Smiling Through My Teeth
Curated by Vicki Bennett, Sonic Arts Network, 2008
The uneasy interface of pleasure and pain has informed sound artist Vicki Bennett’s selections of humorous experimental music on Smiling Through My Teeth, a feast of nerve-jangling ranting, parping and squeaking. The relentless energy of the 32 compositions featured is their most appealing comic feature, demonstrating the various unexpected ways in which sound-making and audio collage can tickle us.
Kicking off in historical mode, we are treated to Spike Jones and his City Slickers’ insane take on Gioachino Rossini’s William Tell overture. This classical music ‘interpretation’ from 1947 is one of many that was eventually included on Jones’ Murdering the Classics (1971), a collection similarly full of novel sound effects and taped voices reminiscent of the music that accompanied the casual violence of the great cartoons of the 1930s and ’40s. (The second track, ‘Girl at the Typewriter’, is by Raymond Scott, whose music was adapted by Carl Stalling for numerous Warner Bros cartoons.) The task of leaping around a studio honking, whistling or tramping a tray of gravel recalls the splendid title of the 1920s’ classic ‘My Brother Makes the Noises for the Talkies’, and this is an album all about improbable noises.
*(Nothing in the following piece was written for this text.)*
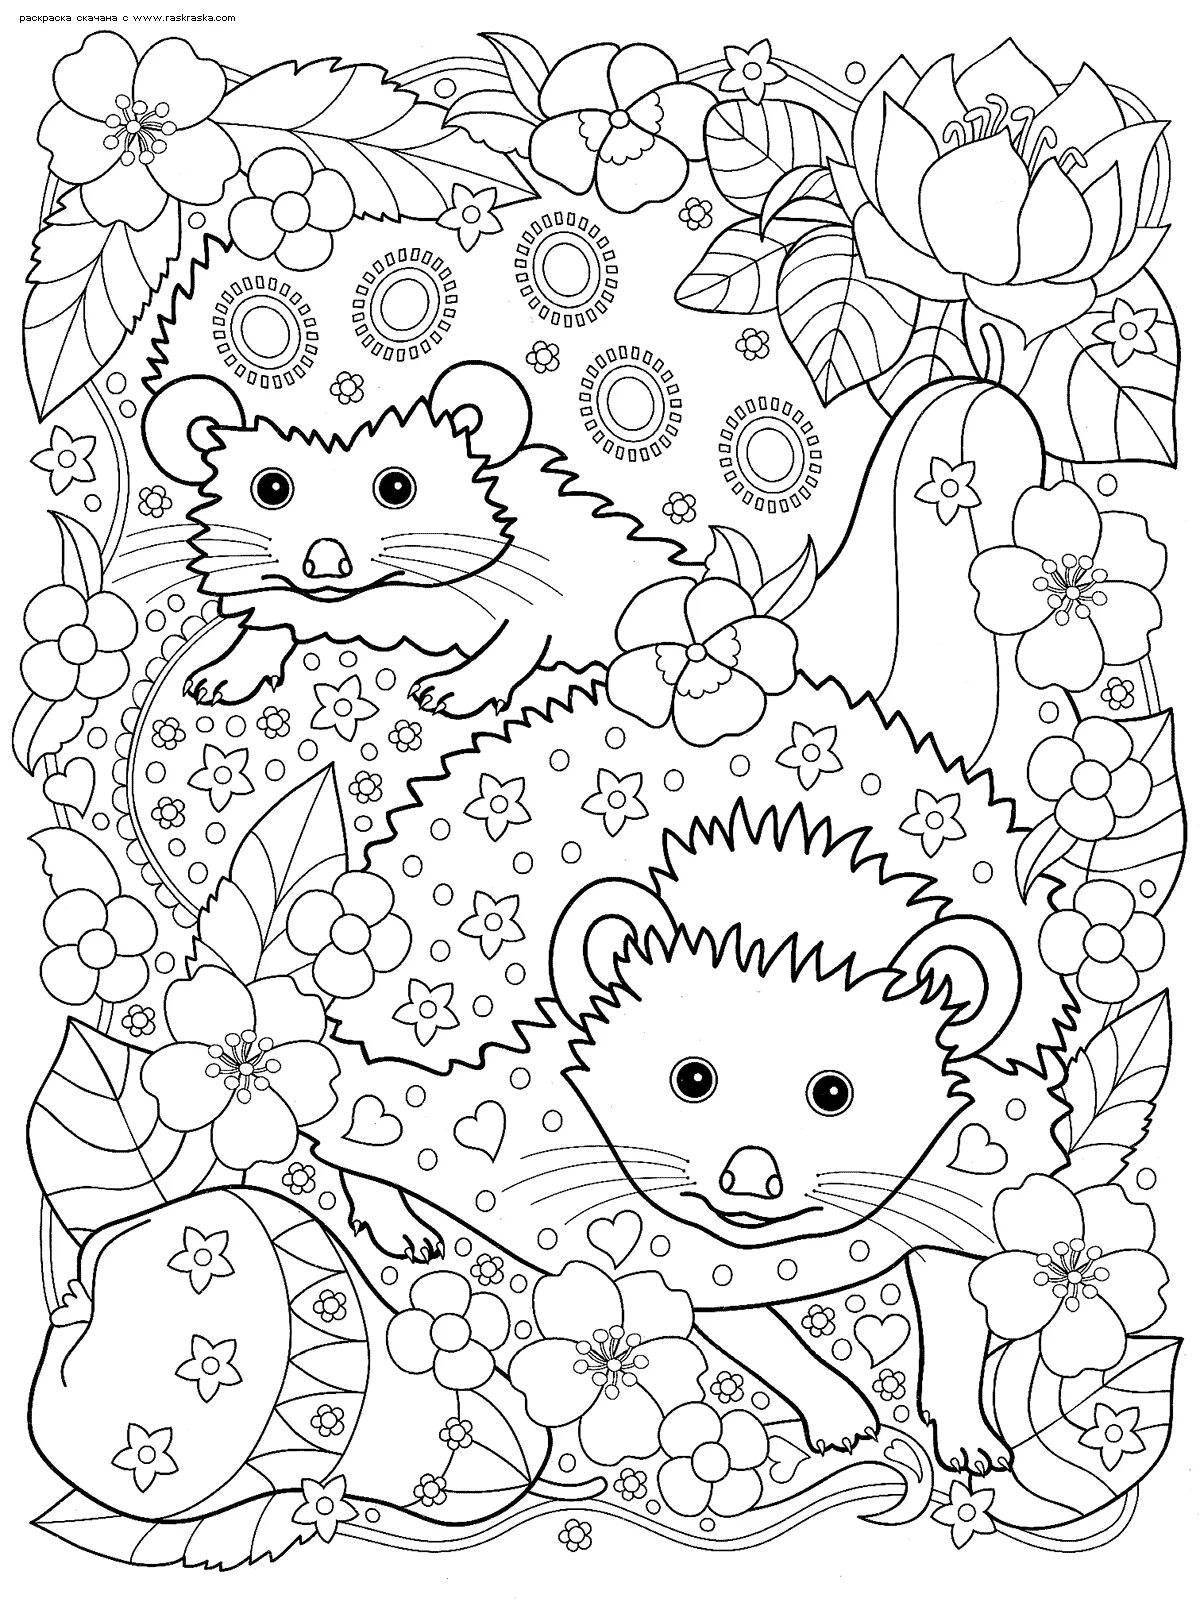 Coloring nice hedgehog by numbers

In Leif Elggren and Thomas Liljenberg’s ‘9.11 (Desperation is the Mother of Laughter)’, the performers laugh in every conceivable way, from coquettish giggle to demented cackle. Following in hot pursuit is ‘The Most Unwanted Song’, which combines quasi-soprano singing with bagpipes and banjo. On ‘Maria Callas’ Christian Marclay slices and splices the opera singer’s voice to transform her cut-glass soprano into something oddly modern, reminiscent of György Ligeti’s opera Le Grand Macabre (1975–7). Further aural perversions are manifest in the collection’s covers of various chart-toppers. The mangling of Black Box’s ‘Ride on Time’ by Xper.Xr. with Chinese instruments is deeply alarming, a perfect definition of a guilty pleasure since the listener is not sure whether to laugh at or with their arrangements. Other hideous hits peek out through the sonic soup in Stock, Hausen & Walkman’s ‘Total Pointless Guidance’ mix of a Vomit Lunchs track. Submerged under layers of lurching and clanking are Sir Paul McCartney and his heinous yuletide hit ‘A Wonderful Christmas Time’. Hot on its heels is a Rank Sinatra rendition of Ah Ha’s ‘Take on Me’ of astonishing brutality.
Completing Bennett’s thoughtful lap of sound art fun, the disc returns to the world of classical music with Richard Lair and Dave Soldier’s ‘Thai Elephant
Orchestra Perform Beethoven’s Pastoral Symphony First Movement’. The piece gets comically lost in the elephants’ performance as it creaks and wheezes its way along in ever-shifting time signatures. Bennett successfully highlights the proximity of techniques in the ‘novelty’ works to those deployed by more notionally ‘serious’ artists such as Nurse with Wound, making us take silly music more seriously and the serious work more lightly. It demonstrates the humour inherent in sounds themselves rather than songs with humorous lyrics, and, as such, presents a convincing and darkly amusing sonic essay on the subject.